It's really just a matter of geography and country differences, people don't use different names, it's like corn and bracts, screwdrivers and screwdrivers, they're all the same thing, they're just called different things.
If Toothstone is Mongolian, I worry that a lot of people are fuzzy. To solve this problem, please look at the source of "Tatar", "Tatar" the emergence of this name, the earliest record in the history books is in the Song Dynasty, when the Song Dynasty, a book called "Jianyan since the dynasty miscellany", the book recorded: "Tartar people are brave, tough and good at fighting, close to the Han land is said to be ripe," "Tartar, can plant forests, and can be a good example. Tatars, who can grow forests, cook in a flat-bottomed kettle and cook in a pot. The Tatar people are all brave and good at fighting, and those near the Han land are called cooked Tatar, who can plant forests? The distant ones are called raw Tartars, who live by shooting and hunting." In short, from the Song Dynasty onwards, Tartar was a collective term used by the Chinese dynasties for the nomadic peoples of the steppe.
Thus, in the eyes of the Chinese, Tartar was just another term for Mongol, and there was no essential difference between them.
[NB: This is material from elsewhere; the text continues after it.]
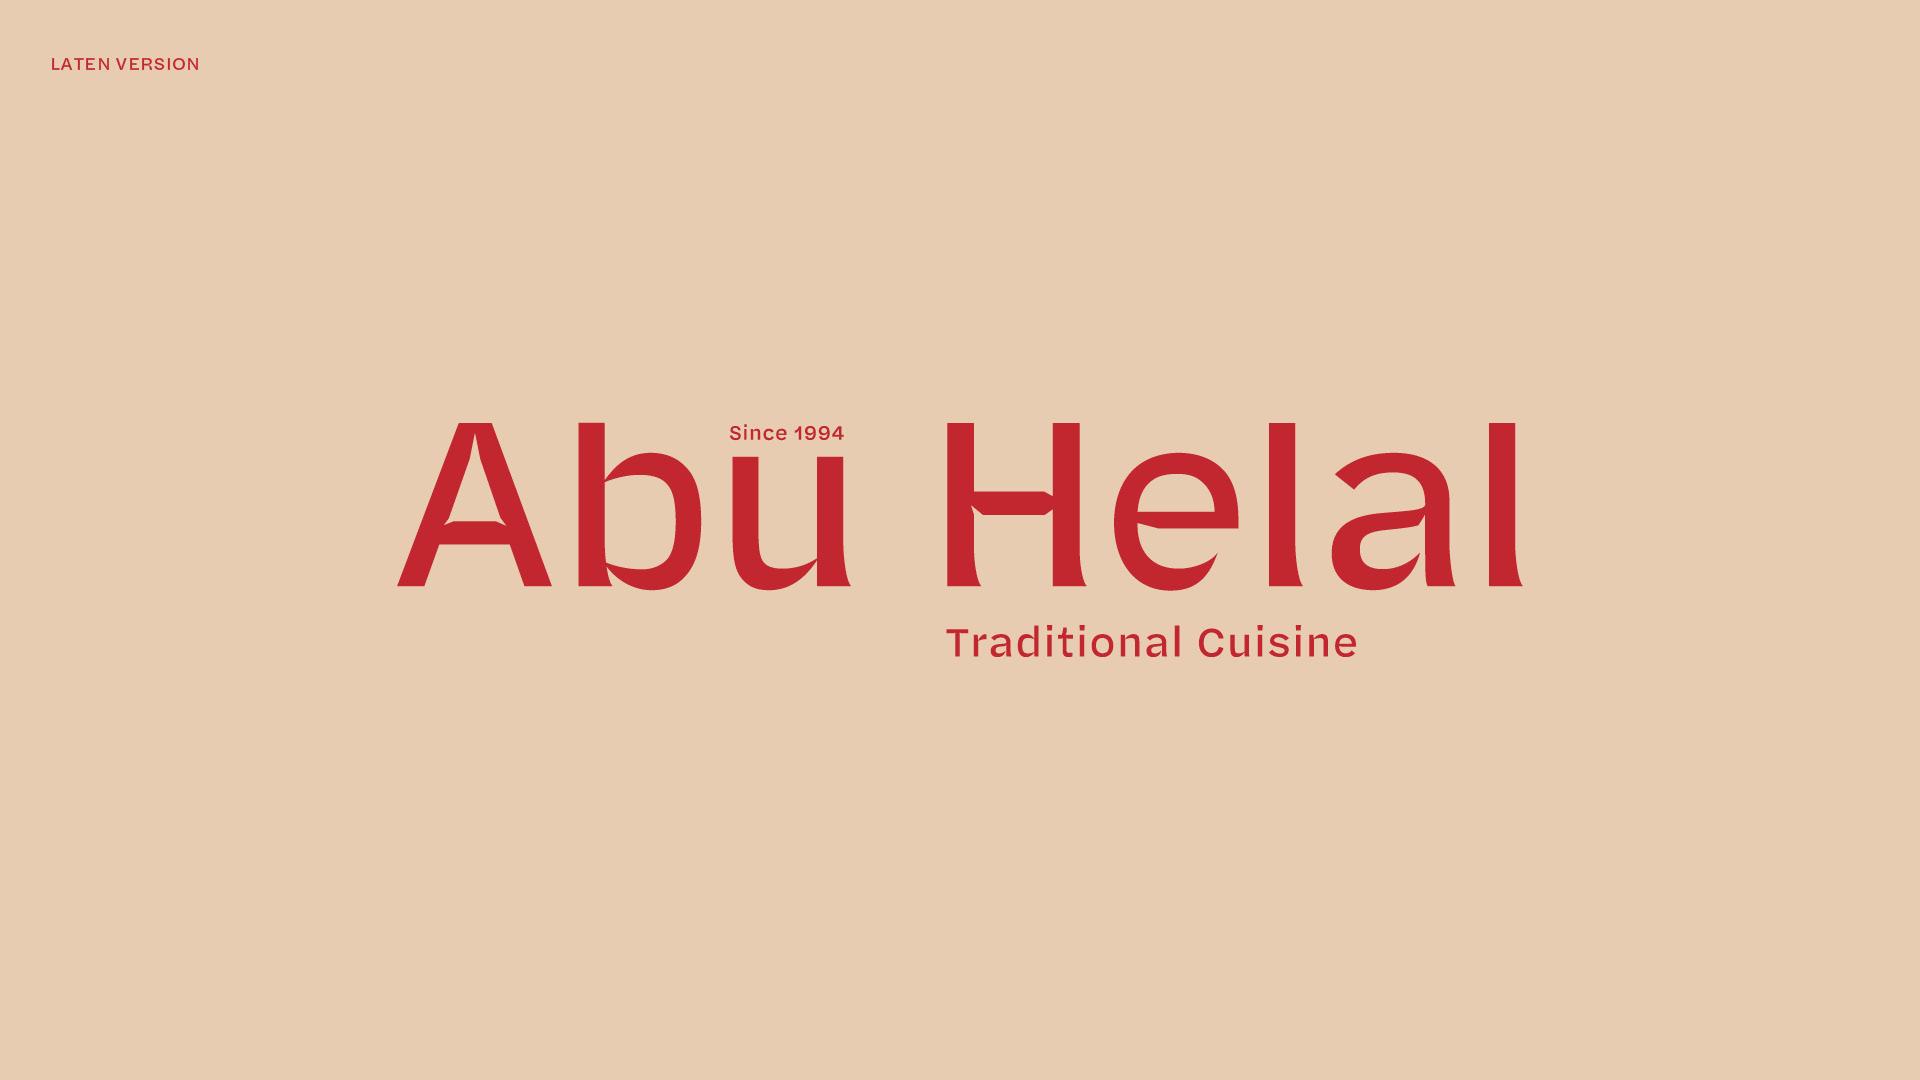 AbuHelal-Work-By-YaStudio-22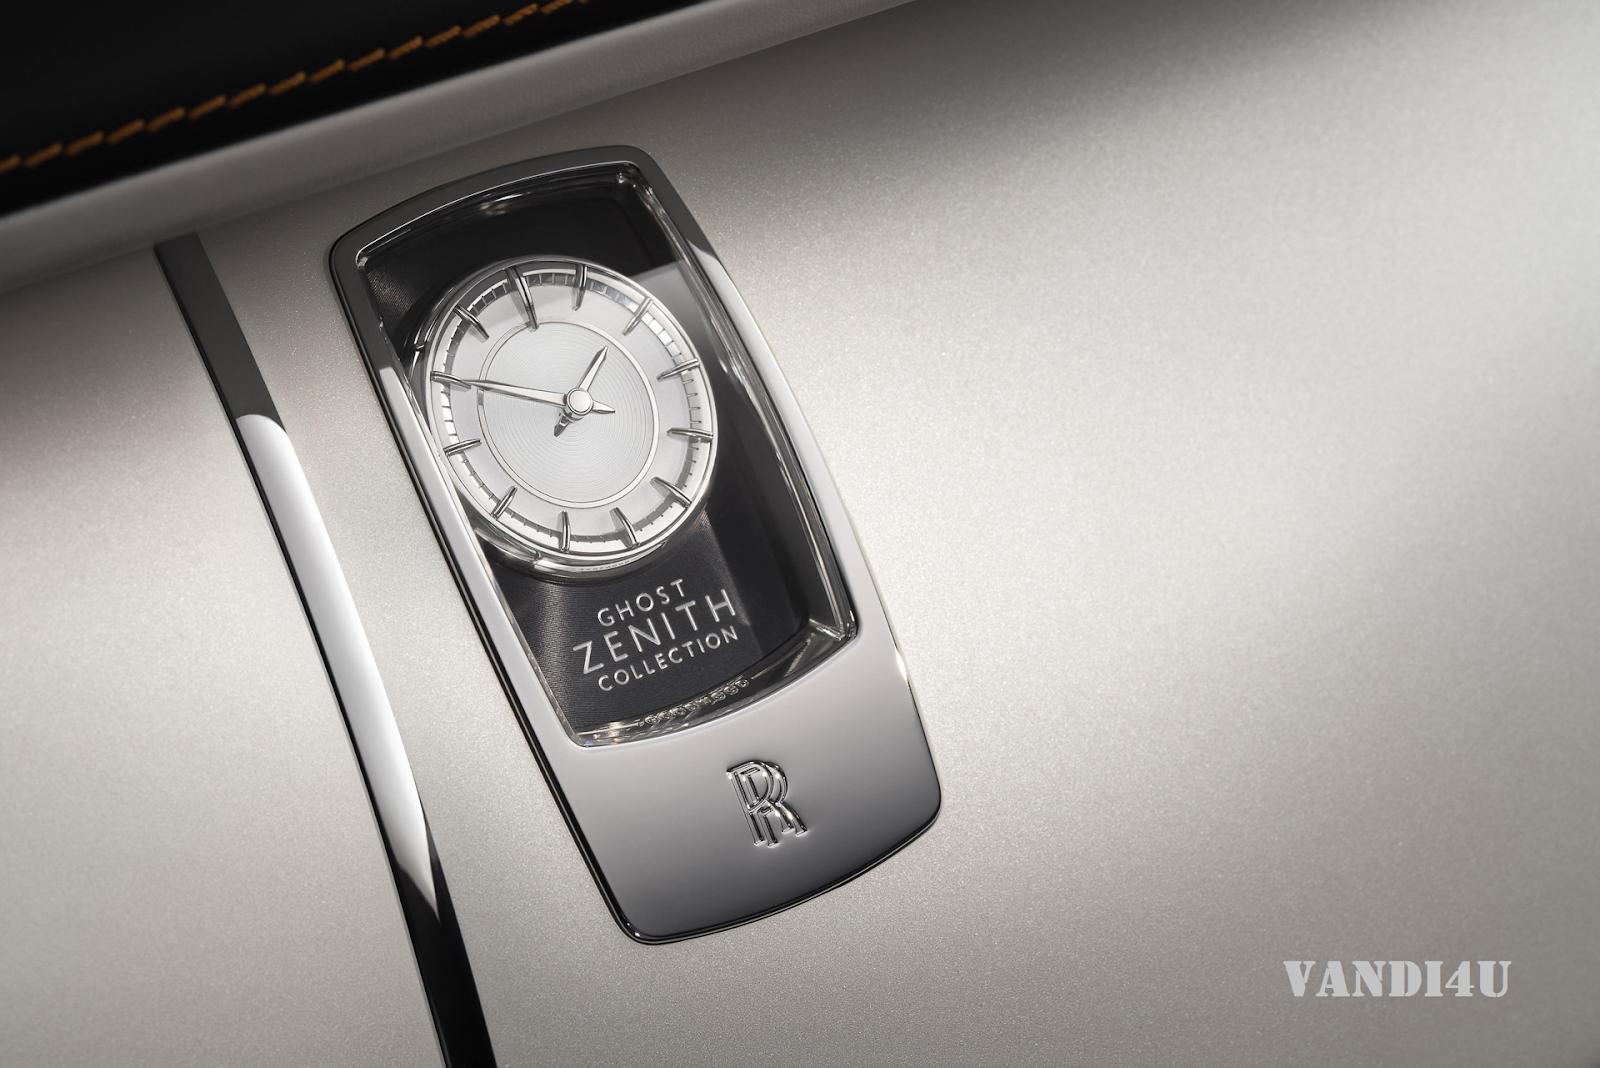 Rolls Royce Bids Farewell To Ghost With Zenith Collection   VANDI4U

For example, during the Ming Dynasty, after Zhu Yuanjian led a peasant revolt and drove away the Yuan rulers, the Ming Dynasty referred to the Genghis Khan regime and the eastern steppe tribes of the Mongolian Plateau under their rule as "Tartars", although there was also the term "Vara" in the western part of the Mongolian Plateau, but Tartars and Vara were not the same in the eyes of the Ming Dynasty, as they were in the eyes of the Mongols. were both Mongols in the eyes of the Ming Dynasty.
The Russian Tatar language belongs to the Turkic group. In addition to this difference in their genealogy from Mongolian, they are also very different in their genealogy from the Mongolian proper. The Golden Horde, back in the day, continued to integrate with the local populations, so a whole new Tatar people emerged. The Tatars, who live in Russia today, are the largest ethnic minority in the country, with a population of five million, and the Mongols, in the traditional sense, have long since ceased to be a concept.